Enables the modern LangSmith tracing path that captures structured run trees for model calls, tools, retrievers, and chain steps. In RAG pipelines this visibility is essential for understanding where latency and quality degrade, especially when retrieval and generation are orchestrated through multiple components. Turning tracing on without controls can add overhead, so production setups often apply sampling and metadata policies. Before exporting traces externally, ensure prompt and document payload redaction aligns with data governance requirements. Treat this switch as operational instrumentation, not just a debugging toggle.

Badges: - Tracing pipeline

Links: - AgentSight: A Monitoring and Risk Mitigation Framework for LLM-based Agents - Trace with LangChain - LangSmith Observability - OpenTelemetry Traces

tracing.langtrace_api_host (LANGTRACE_API_HOST) — LangTrace API Host

Category: infrastructure

Base endpoint for Langtrace ingestion and control APIs. This setting determines where traces from retrieval, reranking, and generation are delivered, so it effectively controls data residency, network path, and tenant routing for observability. Use an explicit host per environment and verify protocol, TLS, and region alignment before enabling high-volume tracing, especially when moving between cloud and self-hosted collectors. Host/key/project mismatches are a common cause of silent trace loss, so validate this alongside credentials during rollout.

Badges: - Trace routing

Links: - AgentSight: AI Agent Observability (arXiv) - Langtrace Documentation - Langtrace OTEL Configuration - OpenTelemetry Traces

tracing.langtrace_project_id (LANGTRACE_PROJECT_ID) — LangTrace Project ID

Category: general

Logical project namespace used by Langtrace to partition telemetry from different applications or environments. In practice, it is the boundary that keeps retrieval experiments, reranker tuning runs, and production traffic from mixing in the same dashboard and skewing metrics. Assign stable project IDs per environment and per major product surface so trace analytics remain comparable over time and access controls stay clean. If this is mis-set, traces may appear to vanish when they are actually being written to a different project bucket.

Badges: - Project scoping

Links: - AgentSight: AI Agent Observability (arXiv) - Langtrace Documentation - Langtrace Integrations Overview - OpenTelemetry Traces

tracing.log_level (LOG_LEVEL) — Log Level

Category: general

Controls runtime verbosity for diagnostics, operational visibility, and incident response. DEBUG is best for short-lived debugging sessions where per-step details matter; INFO is the stable default for normal operation; WARNING and ERROR reduce noise when you only need actionable signals. Excessive debug logging can materially impact latency and storage cost, and can also increase risk of sensitive payload exposure if message templates are not scrubbed. Production-safe practice is to run at INFO/WARNING and temporarily raise verbosity during scoped investigations.

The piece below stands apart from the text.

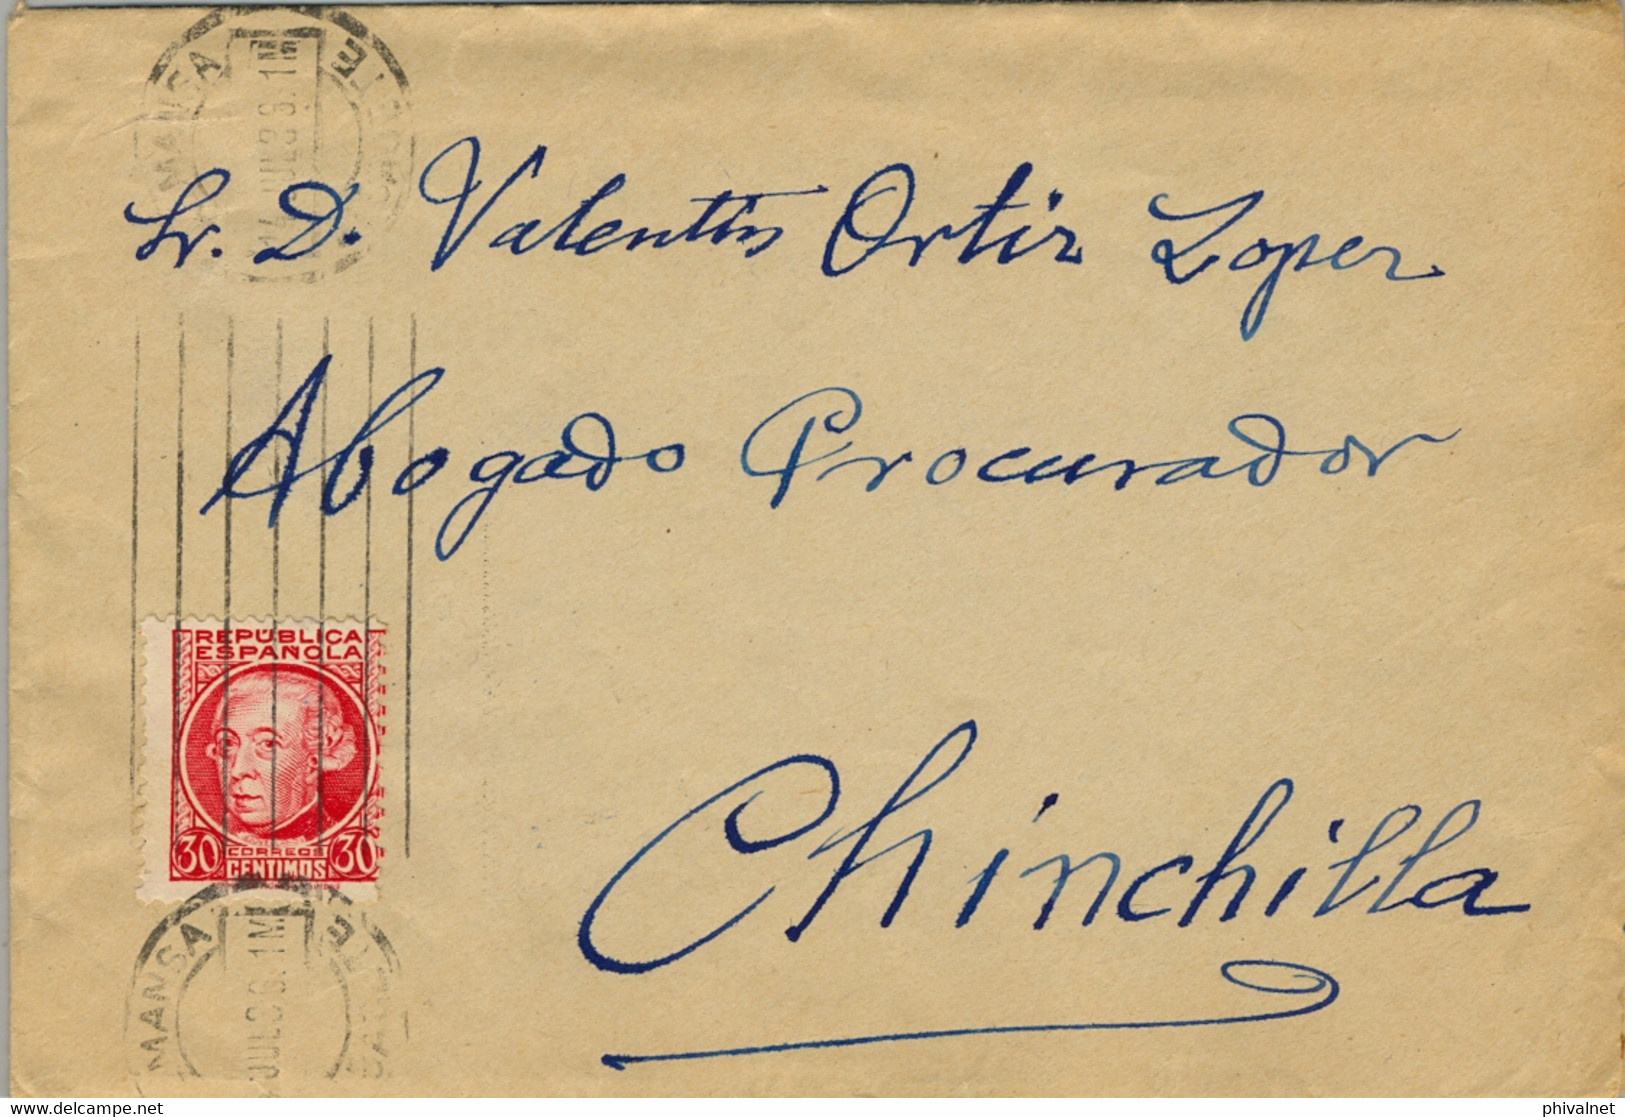 1936 ALBACETE , SOBRE CIRCULADO ENTRE ALMANSA Y CHINCHILLA ,  LLEGADA EN AZUL AL DORSO - Brieven En Documenten
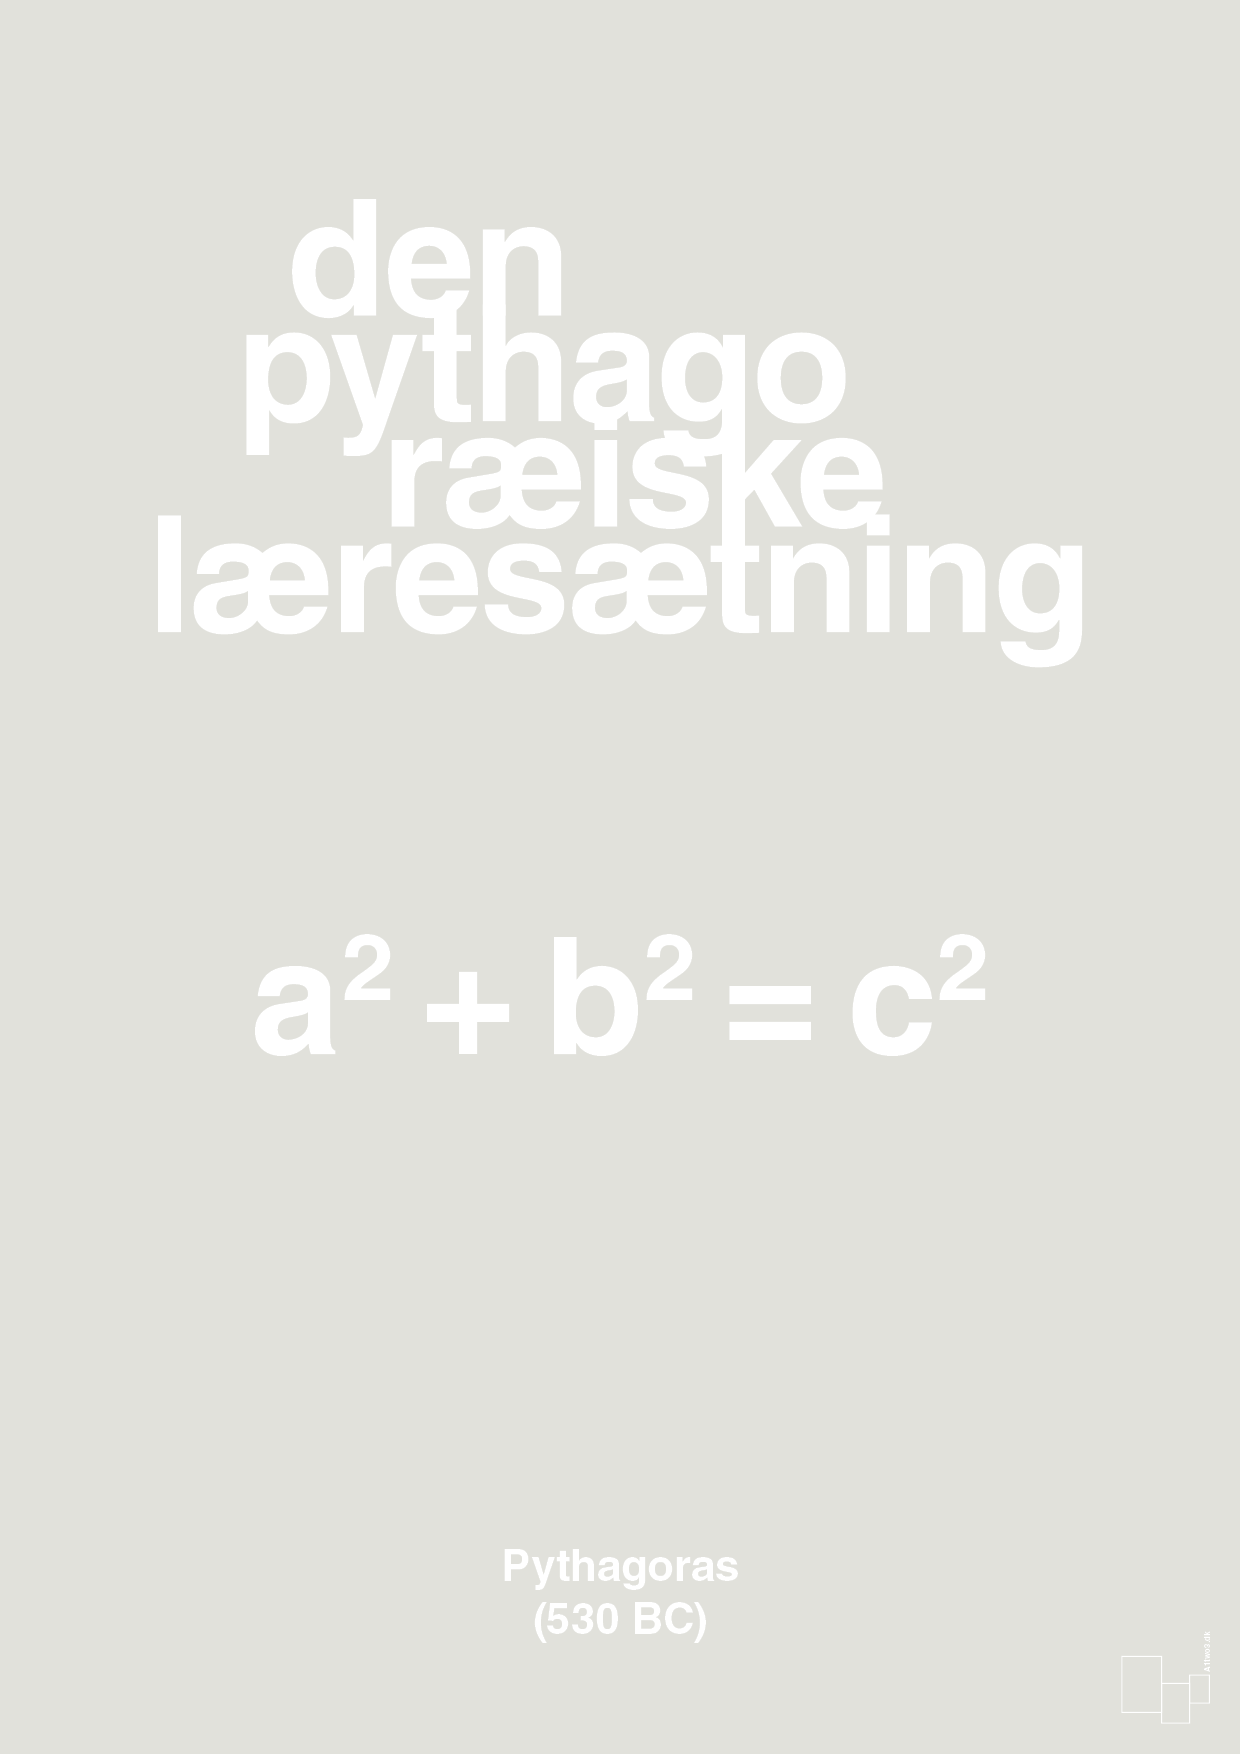 den pythagoræiske læresætning - Plakat med Videnskab i Painters White

Links: - LLM-SrcLog: Source-Aware Log Analysis with LLMs (arXiv 2025) - Python Logging Levels Reference - OpenTelemetry Logs Data Model - RFC 5424 Syslog Severity and Structured Logging

tracing.metrics_enabled (METRICS_ENABLED) — Metrics Enabled

Category: evaluation

Master toggle for emitting runtime metrics from the application. When enabled, the process publishes counters, gauges, and histograms used for dashboards, alerting, and SLO tracking; when disabled, you lose quantitative visibility into throughput, error rates, latency distributions, and retrieval quality trends. Enable this in any shared or production-like environment, then gate high-cardinality labels to control cost. The goal is not just observability but fast diagnosis: metrics should let you correlate parameter changes (retrieval thresholds, rewrites, model routing) with concrete performance and reliability shifts.

Links: - Agentic Observability: Automated Alert Triage (arXiv 2026) - Prometheus Instrumentation Best Practices - OpenTelemetry Metrics API Spec - Grafana Alerting Documentation

tracing.prometheus_port (PROMETHEUS_PORT) — Prometheus Port

Category: infrastructure

Port used to expose the metrics endpoint that Prometheus scrapes (typically /metrics). If this value is wrong, observability breaks quietly: the application can be healthy while dashboards, alerts, and SLO calculations go blind. Configure it together with scrape jobs, network policy, and service discovery labels so monitoring remains consistent across environments. In production, validate this by checking target health in Prometheus and ensuring metric cardinality and scrape intervals match system load.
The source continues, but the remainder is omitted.